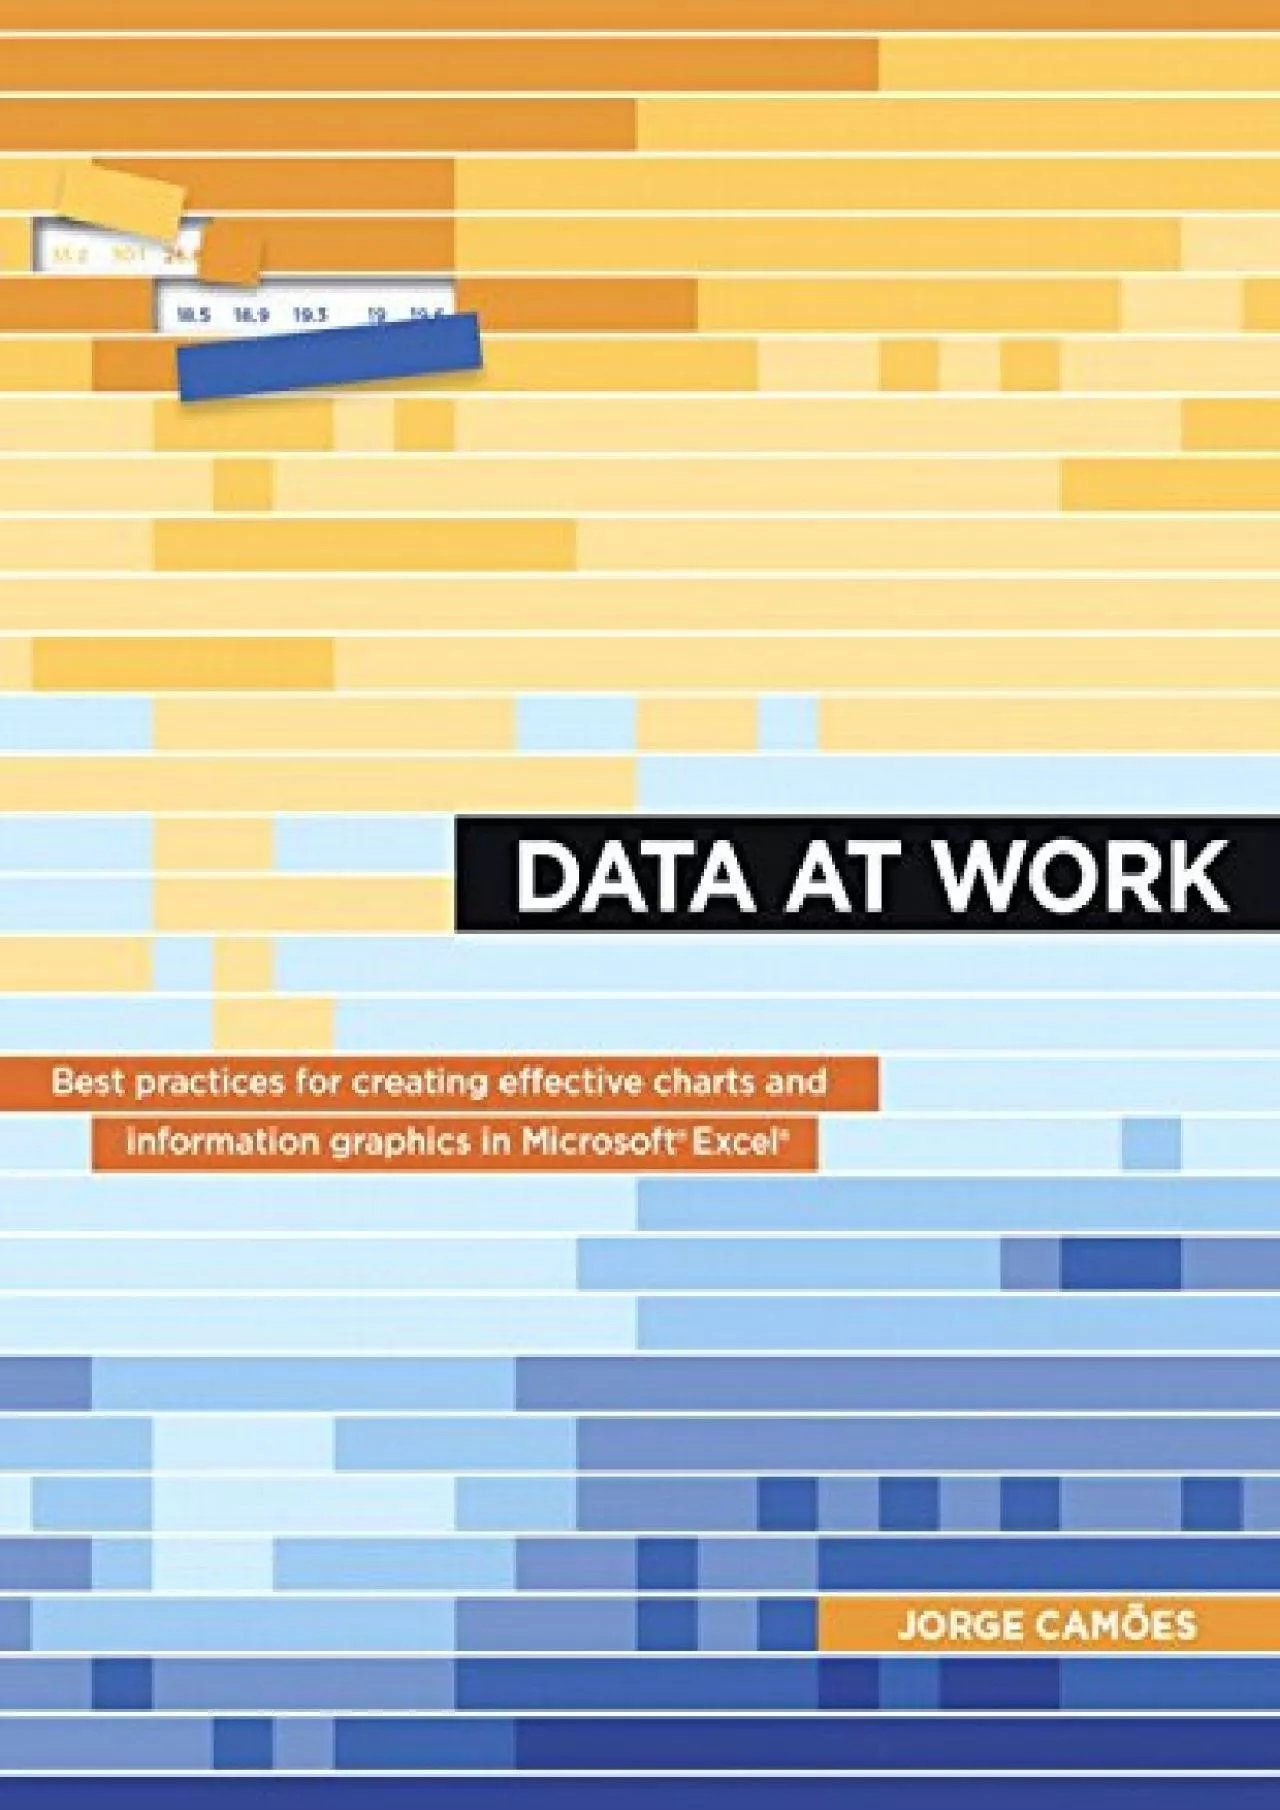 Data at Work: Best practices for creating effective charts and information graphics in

--

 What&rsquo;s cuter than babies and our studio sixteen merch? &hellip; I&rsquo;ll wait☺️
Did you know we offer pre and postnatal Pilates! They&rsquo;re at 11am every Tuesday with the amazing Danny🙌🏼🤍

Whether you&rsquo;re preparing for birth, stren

** Your objective **
The answer must be every line of the records that holds the string "rsquo".

** Response to the exercise **
 What&rsquo;s cuter than babies and our studio sixteen merch? &hellip; I&rsquo;ll wait☺️
Did you know we offer pre and postnatal Pilates! They&rsquo;re at 11am every Tuesday with the amazing Danny🙌🏼🤍
Whether you&rsquo;re preparing for birth, stren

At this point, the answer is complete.